PD Dr. Birgit Heise

PD Dr. Birgit Heise

Wiss. Mitarbeiterin

Musikwissenschaft (Musikgeschichte 19. - 21. Jahrhundert)
Städt. Kaufhaus
Neumarkt 9, Raum 315
04109 Leipzig

Telefon: +49 341 97-30457
Telefax: +49 341 97-30459

Kurzprofil

Am musikwissenschaftlichen Intitut bin ich mit Forschung und Lehre sowie als Studienfachberaterin und Master-Beauftragte fest integriert. Von 1992 bis 2018 war ich als Kustodin am Musikinstrumentenmuseum der Universität Leipzig tätig. Sammlungskataloge ("Idiophone und Membranophone" 2002) sowie Sonderausstellungen mit Katalogen (zur Deutschen Posaune 2010, zum Instrumentarium R. Wagners 2013, zu Musikautomaten 2017) prägten jene Jahre ebenso wie regelmäßige Lehre. Aus dieser Zeit resultieren meine Schwerpunktthemen: Instrumentenkunde und Akustik sowie Leipziger Musikgeschichte, Aufführungspraxis, Musik früher Kulturen, außereuropäische Musikinstrumente und Museumswesen. Nach meiner Habilitation zu "Leipzig als Zentrum der Musikautomatenproduktion 1880 bis 1930" bin ich an dieses Institut gewechselt.

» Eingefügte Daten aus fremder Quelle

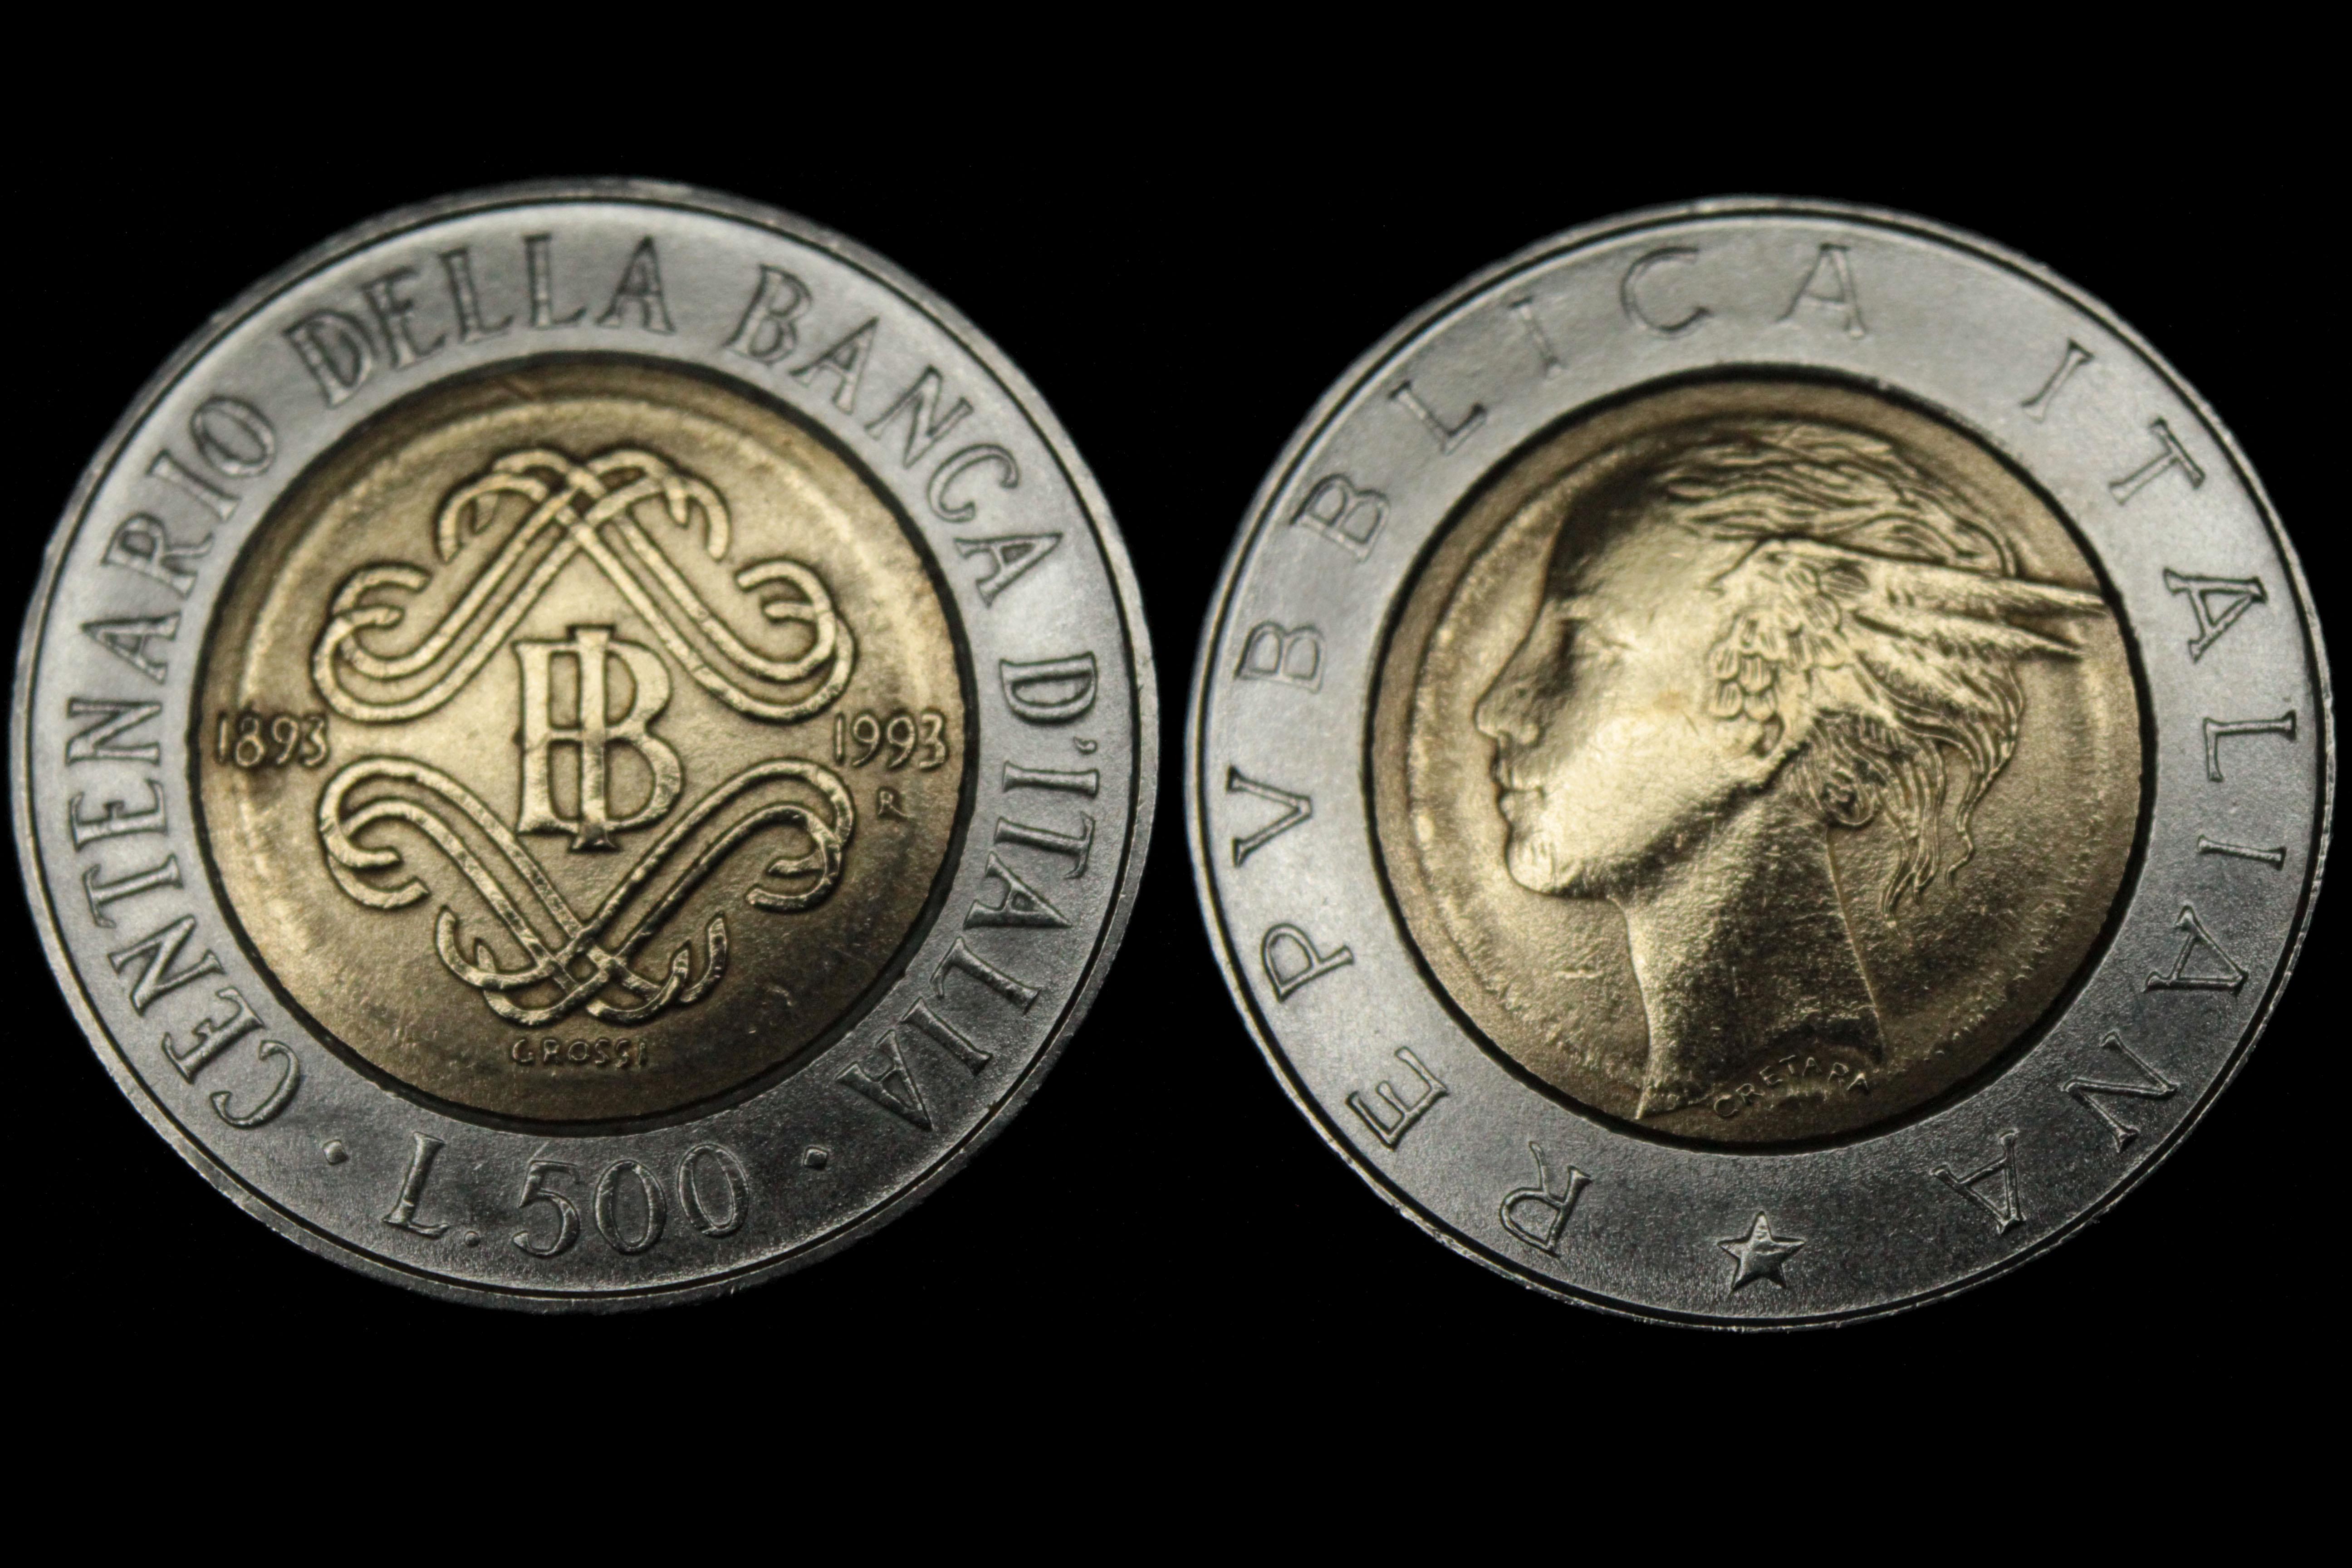 500 lire valore
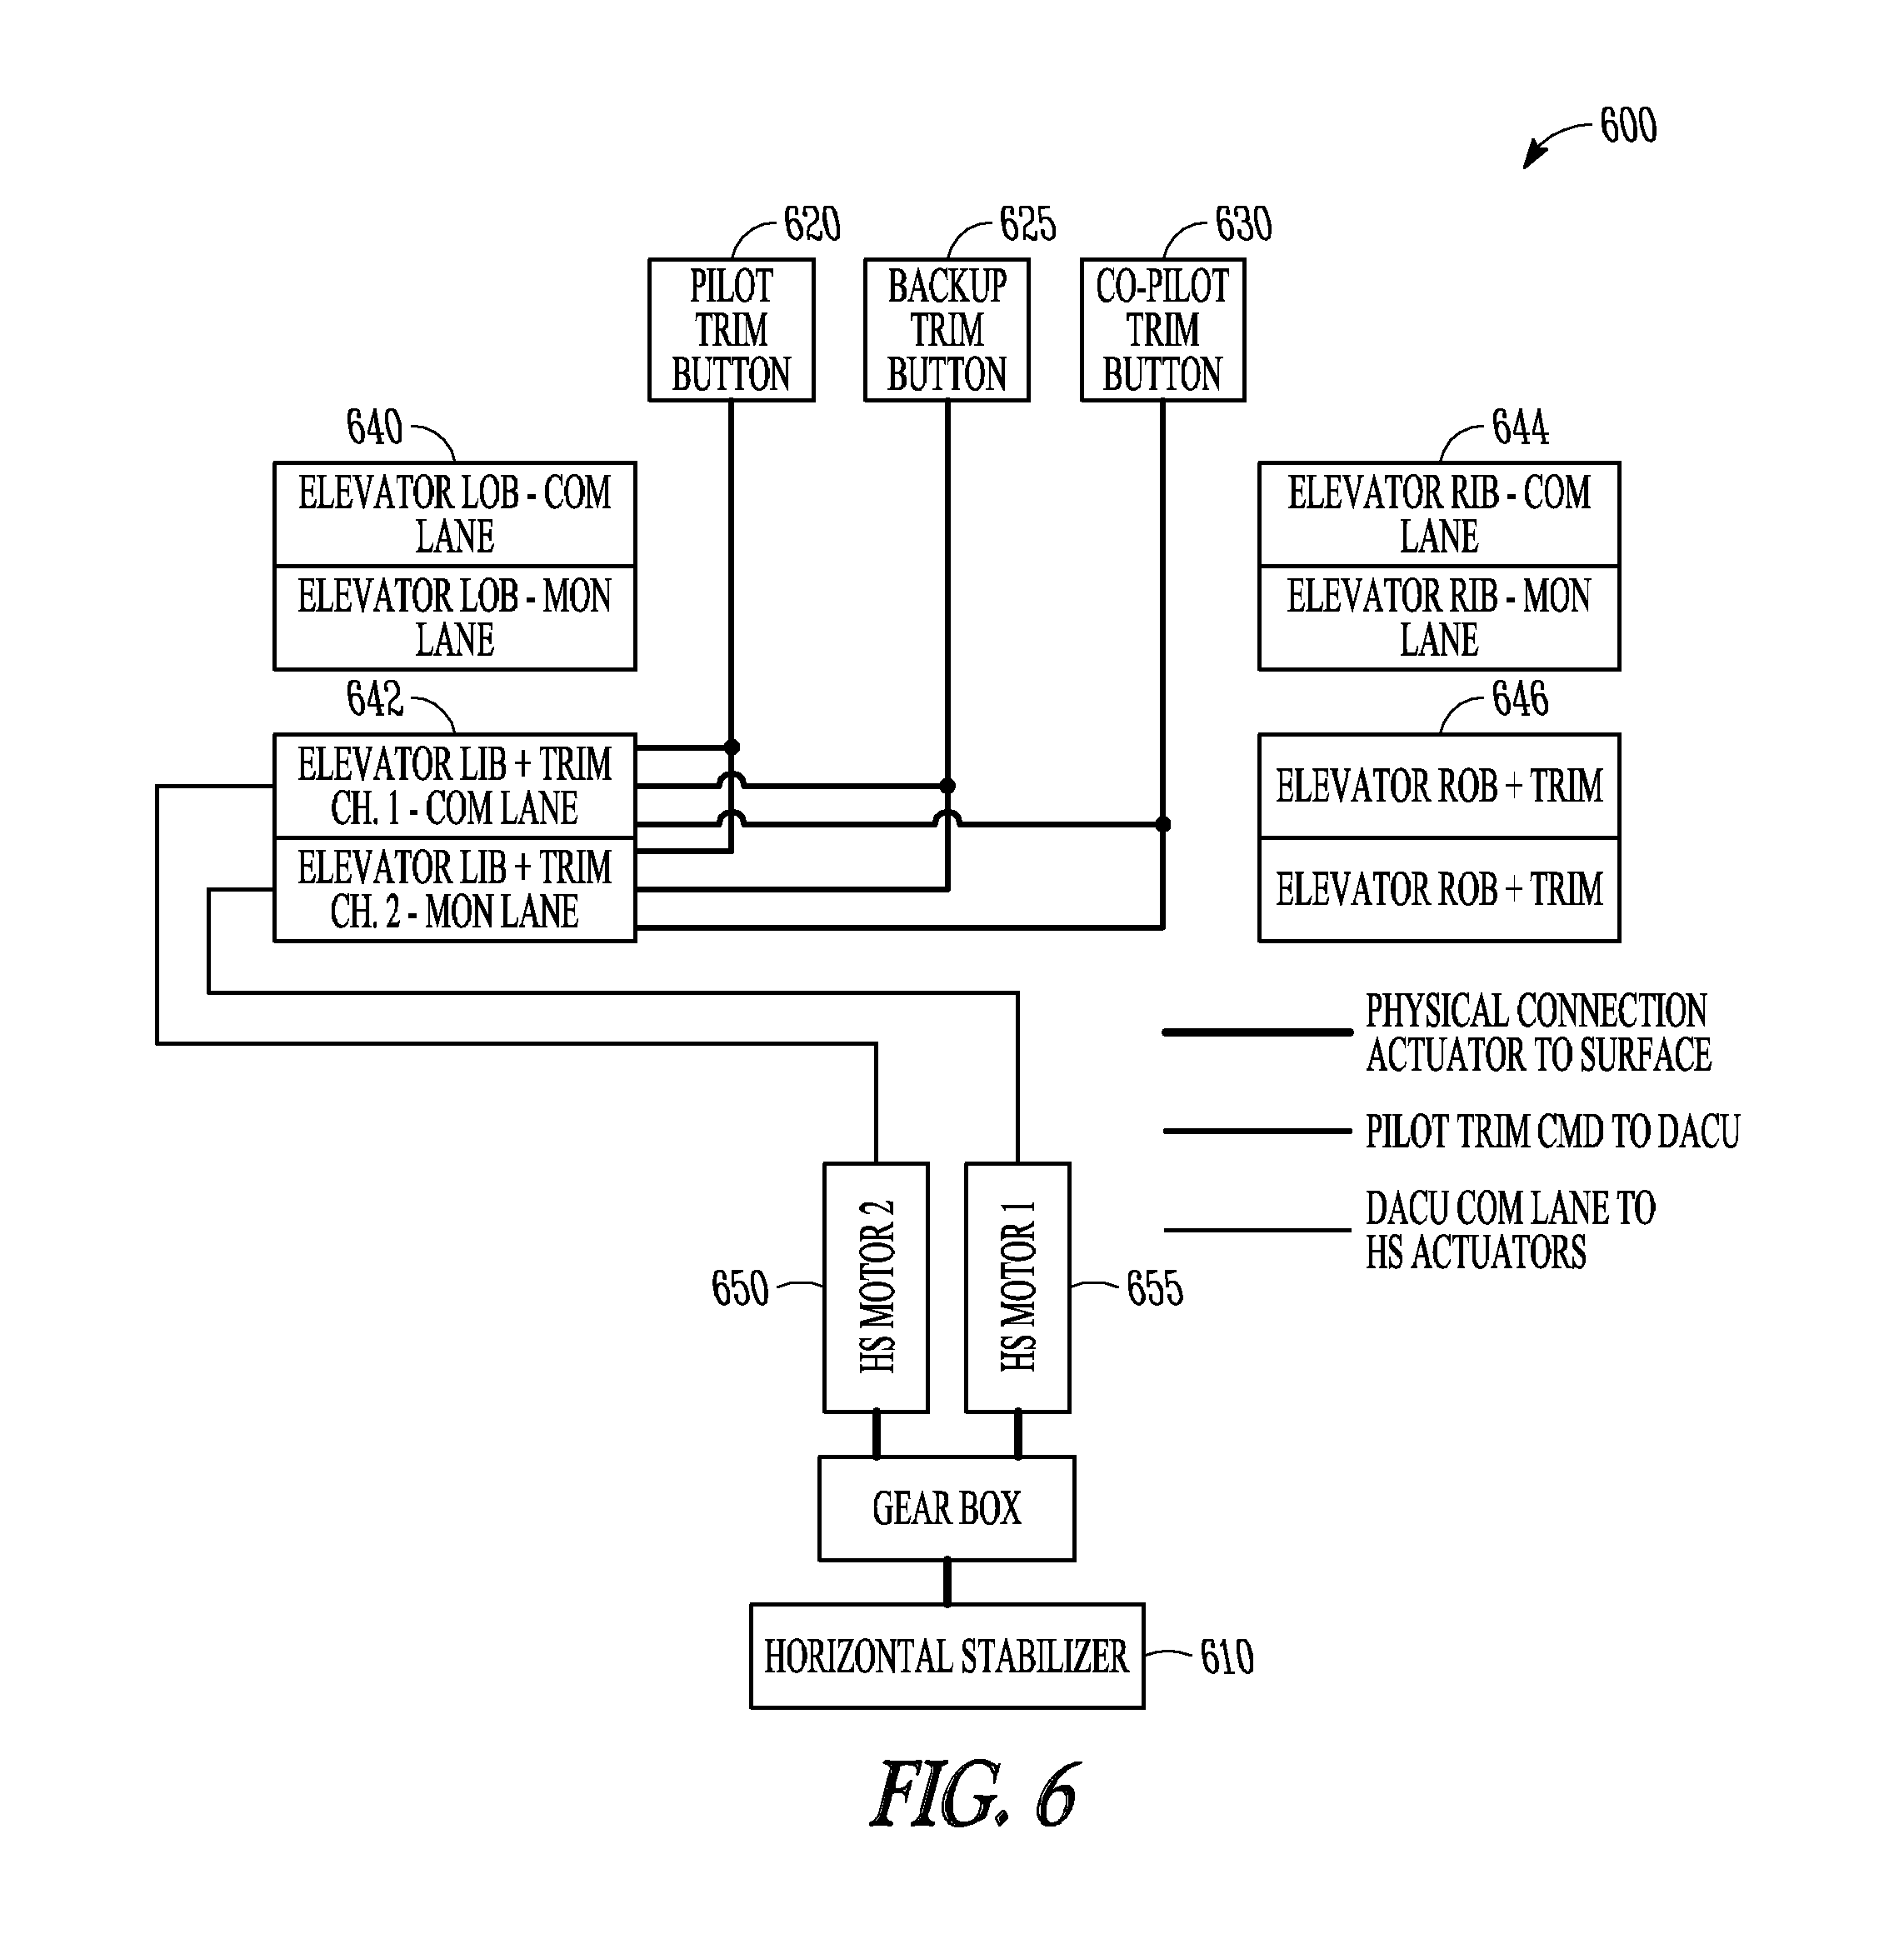 car amplifier wiring diagram audi a6 mini cooper amplifier Audi 2.8 Engine Diagram Audi 2.8 Engine Diagram

Seit 2016 bin ich Mitglied der Strukturkommission für Germanistik, Kunst- und Musikwissenschaft der Sächsischen Akademie der Wissenschaften.


Berufliche Laufbahn

  • 02/1993 - 04/2018
    Anstellung als Kustodin am Museum für Musikinstrumente der Universität Leipzig; Lehrtätigkeit zu Instrumentenkunde und Akustik.
  • seit 04/2018
    wissenschaftliche Mitarbeiterin am Institut für Musikwissenschaft der Universität Leipzig

Ausbildung

  • 08/1983 - 07/1988
    Studium Musikwissenschaft und Kunstgeschichte an der Martin-Luther-Universität Halle-Wittenberg; Diplom
  • 08/1988 - 07/1992
    Forschungsstipendium in Halle für Promotion; Dissertation über „Darstellungen von Musikinstrumenten und musizierenden Personen in und an sächsischen Kirchen von 1230-1600“

Die Beschäftigung mit Musikinstrumenten prägt meinen wissenschaftliches Profil seit Anbeginn. In der umfangreichen Leipziger Musikinstrumentensammlung konnte ich mehrere Teilbestände erschließen und katalogisieren (Idiophone, Membranophone, außereuropäische Instrumente, Posaunen, mechanische Instrumente). Darüber hinaus interessieren mich gleichermaßen die Aufführungspraxis und Instrumentation, insbesondere zu erkennen an meiner 2013 erfolgten Ausstellung mit Katalog zu Richard Wagners Klangfarben und Sonderwünschen ("Goldene Klänge im mystischen Grund"). Im Zusammenhang mit der Akustik habe ich mich mit E.F.Chladni und dessen Friktionsinstrumenten näher befasst (siehe Publikationsliste).

Seit 10 Jahren stehen selbstspielende Instrumente und deren historische Tonträger im Fokus meiner Forschungsaktivität. Sie stellte auch das Thema meiner Habilitationsschrift dar. Derzeit erfolgt die Aufarbeitung des riesigen Archivbestandes zur Firma Ludwig Hupfeld mit hunderten Dokumenten namhafter Pianisten.

Zudem befasse ich mich auf dem Gebiet der Musikikonographie mit Zeugnissen der Musikausübung an historischen Gebäuden sowie mit ur- und frühgeschichtlichen Instrumentenfunden in Mitteldeutschland.

In den Lehrveranstaltungen ist mir das Zusammenspiel von Theorie und Praxis wichtig. Zu den ständigen Angeboten zählen daher "Akustische Experimente im Soundstudio"; hier werden in Kleingruppen Klänge aufgenommen und analysiert sowie der Synthesizer u.a. Instrumente kennen gelernt. In Archivseminaren sowie bei Museumsbesuchen können Fertigkeiten im Umgang mit jenen Institutionen geübt werden. Studierende befassen sich ganz praktisch z.B. mit Besucherbefragungen an der Notenspur oder wie eine Führung funktioniert.

Zu meinen ständig angebotenen Themen gehören außerdem Seminare zur Musikpsychologie. In Zusammenarbeit mit dem Max-Planck-Institut Leipzig werden Fragen über die Wirkung von Musik auf den Hörer oder z.B. psychoakustische Phänomene genauer untersucht.

An der Martin-Luther-Universität Halle biete ich Lehrveranstaltungen im Händelhaus zu den Themen Instrumentenkunde und Akustik.